The system and technologies described herein may be implemented in a computing system (which serves as, for example, a data server) including a back-end component, or in a computing system (which serves as, for example, an application server) including a middleware, or in a computing system including a front-end component (e.g., a user computer with a graphical user interface or web browser through which the user may interact with the implementation of the system and technologies described herein), or in a computing system including any combination of the back-end component, the middleware component, or the front-end component. The components of the system may be connected to each other through any form or kind of digital data communication (e.g., a communication network). Examples of the communication network include a Local Area Network (LAN), a Wide Area Network (WAN), and the Internet.

A computer system may include a client and a server. The client and server are generally far away from each other and usually interact with each other through a communication network. A relationship between the client and the server is generated by computer programs running on corresponding computers and having a client-server relationship with each other. The server may be a cloud server, a distributed system server, or a blockchain server.

It should be understood that, the steps may be reordered, added or removed by using the various forms of the flows described above. For example, the steps recorded in the present disclosure can be performed in parallel, in sequence, or in different orders, as long as a desired result of the technical scheme disclosed in the present disclosure can be realized, which is not limited herein.

The foregoing specific implementations do not constitute a limitation on the protection scope of the present disclosure. Those having ordinary skill in the art should understand that, various modifications, combinations, sub-combinations and substitutions may be made according to a design requirement and other factors.

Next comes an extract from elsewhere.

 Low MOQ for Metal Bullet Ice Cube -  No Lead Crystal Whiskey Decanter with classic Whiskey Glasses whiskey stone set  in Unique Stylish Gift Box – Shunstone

Any modification, equivalent replacement, improvement or the like made within the spirit and principle of the present disclosure shall be included in the protection scope of the present disclosure.

Claims

What is claimed is:

1. A model processing method, comprising:

obtaining a candidate question set of each initial sample data in M initial sample data, wherein the initial sample data includes m rounds of question-and-answer between an object and an agent, the candidate question set of the initial sample data includes a next round of question set corresponding to the m^thround of question in the m rounds of question-and-answer, and M and m are both positive integers greater than or equal to 1;

obtaining M training sample data based on the M initial sample data, the candidate question set of each initial sample data and label data of each initial sample data, wherein the label data of the initial sample data includes a target question to be generated by the agent in the (m+1)^thround; and

training a model to be trained by using the M training sample data to obtain a target model capable of predicting a question to be generated by the agent in a next round based on historical questions and answers.

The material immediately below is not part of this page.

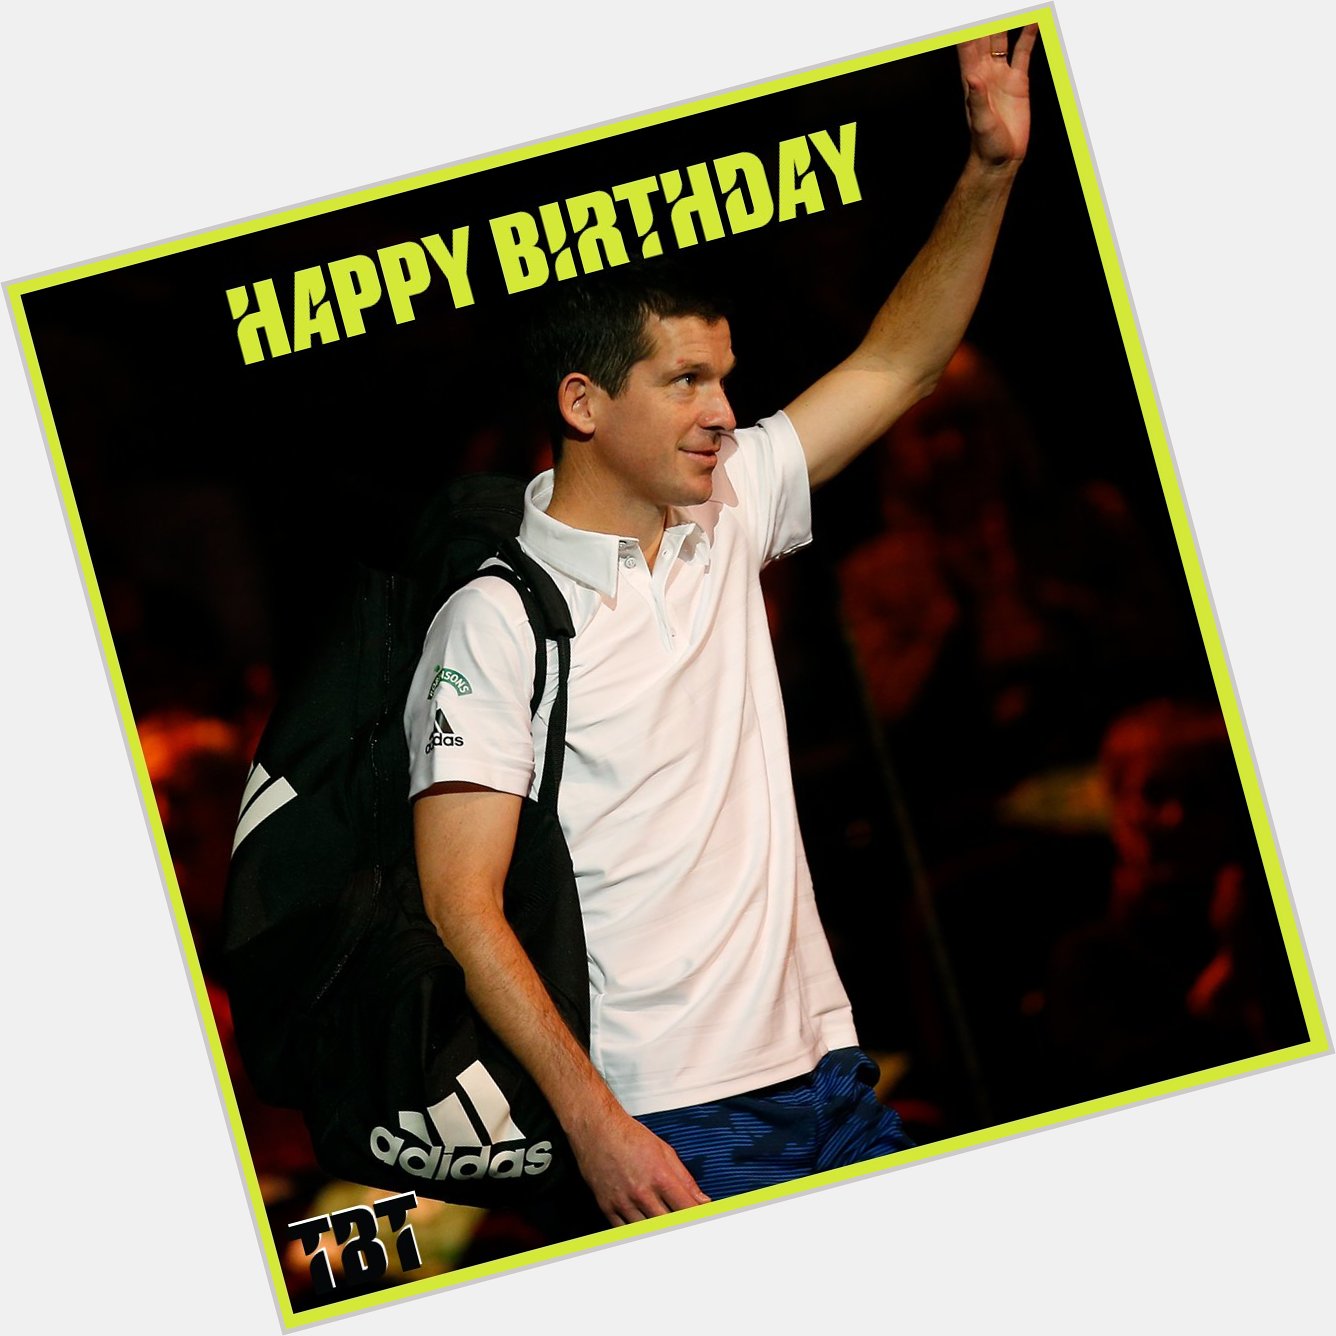 Happy birthday to a man who was our British number one for SEVEN years, Tim Henman!

2. The method of claim 1, wherein the training the model to be trained by using the M training sample data to obtain a target model capable of predicting a question to be generated by the agent in a next round based on historical questions and answers comprises:

inputting the m rounds of question-and-answer included in the training sample data and the candidate question set corresponding to the m^thround of question included in the training sample data into the model to be trained to obtain an initial estimation result, wherein the initial estimation result represents a predicted question to be generated by the agent in the (m+1)^thround;

obtaining a loss value of a loss function based on the initial estimation result and the target question to be generated by the agent in the (m+1)^thround included in the label data in the training sample data, wherein the loss function represents a distance between the predicted question and the target question; and

adjusting at least part of adjustable parameters in the model to be trained based on the loss value of the loss function to obtain the target model by training.

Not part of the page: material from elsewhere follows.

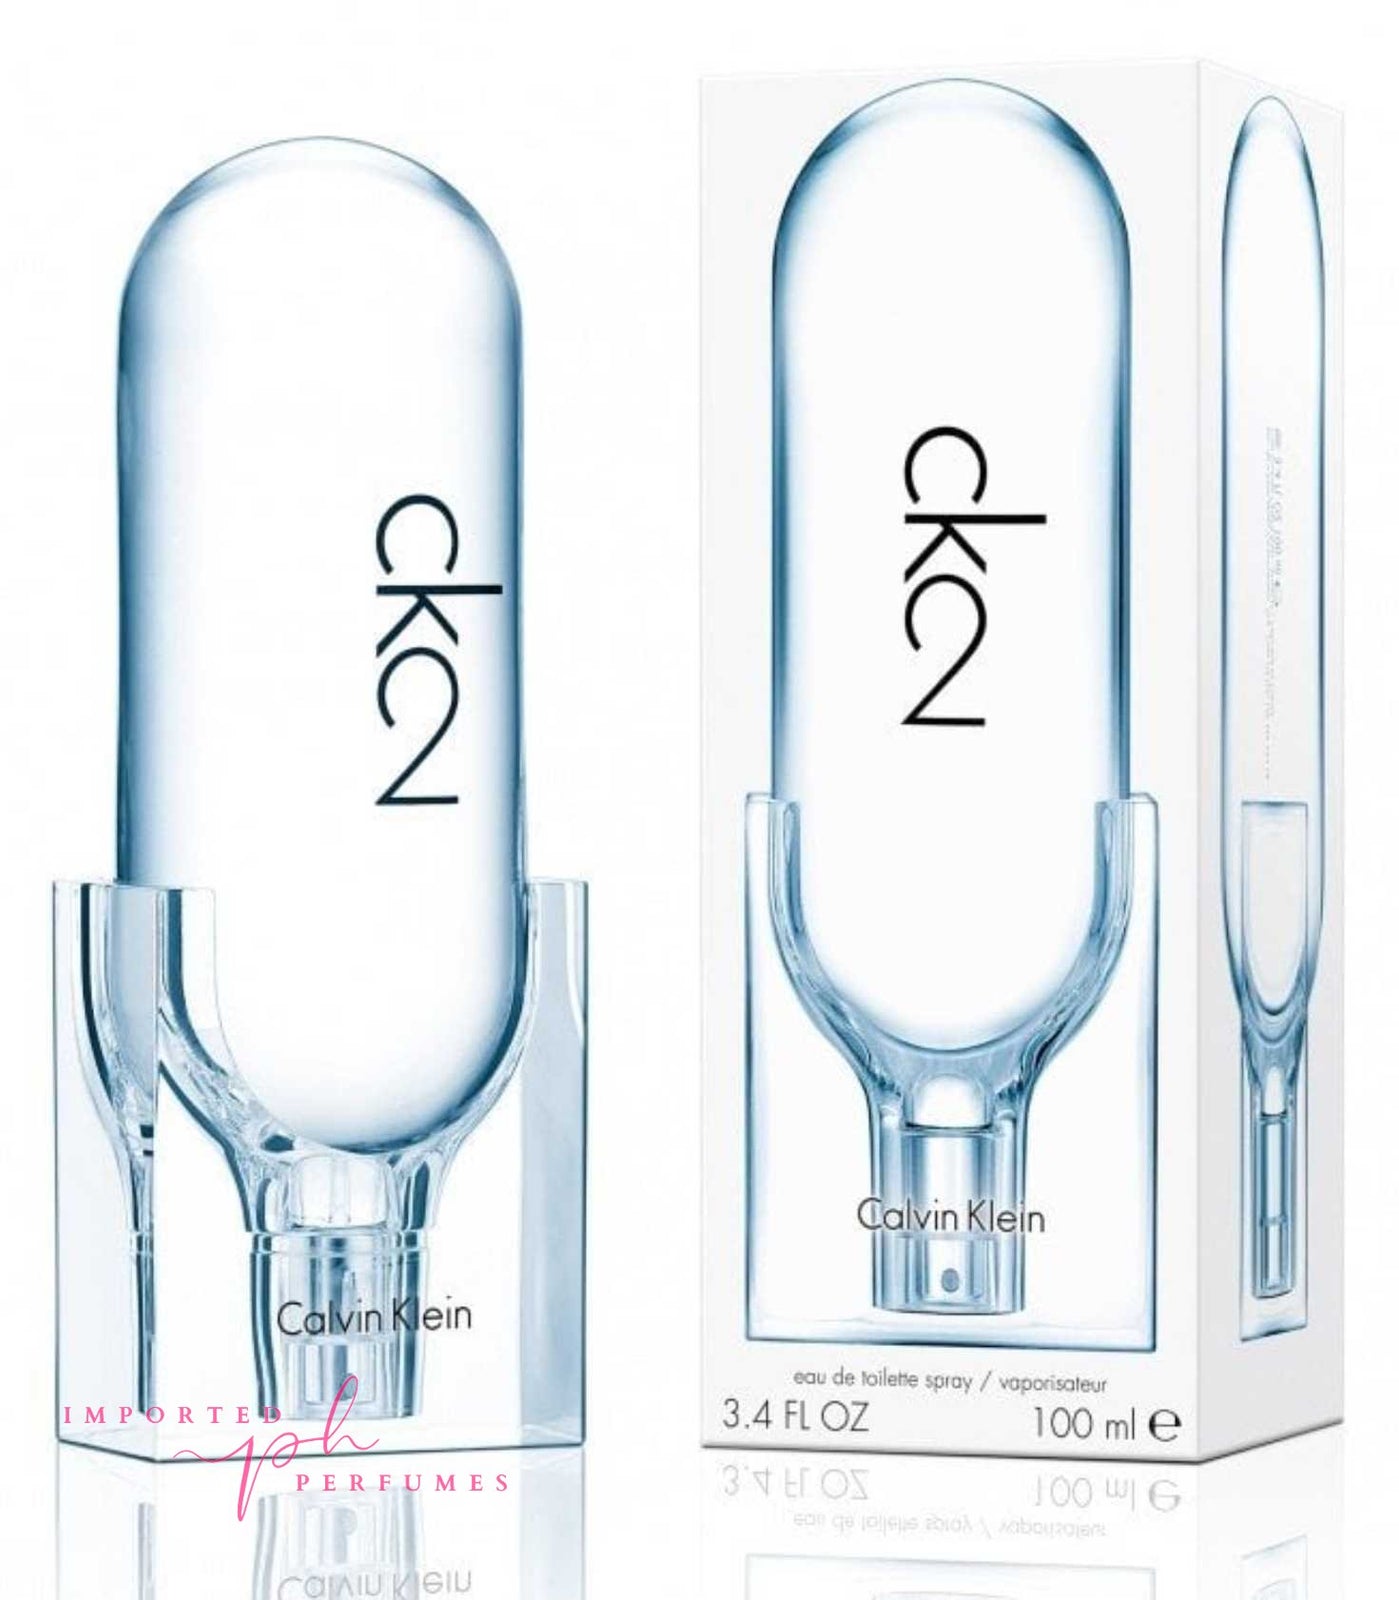 CK2 Calvin Klein EDT Unisex 100ml Imported Perfumes & Beauty Store

3. The method of claim 2, wherein the inputting the m rounds of question-and-answer included in the training sample data and the candidate question set corresponding to the m^thround of question included in the training sample data into the model to be trained comprises:

obtaining a target cue word question based on the m rounds of question-and-answer included in the training sample data and the candidate question set corresponding to the m^thround of question included in the training sample data; and

inputting the target cue word question into the model to be trained.

4. The method of claim 1, further comprising:

obtaining the M initial sample data meeting at least one of the following conditions based on a determined finite state machine where:

in the M initial sample data, a distribution of the number of initial sample data with different lengths meets a first distribution requirement, and a length of the initial sample data is determined based on a finite state machine and represents the number of rounds of question-and-answer;

in the M initial sample data, a distribution of an answer content of transferring from a previous question to a next question meets a second distribution requirement,

wherein the finite state machine represents a group of questions generated by the agent and a transfer condition for transferring from a current question to the next question; the transfer condition is related to the answer content of the object to reply to the current question.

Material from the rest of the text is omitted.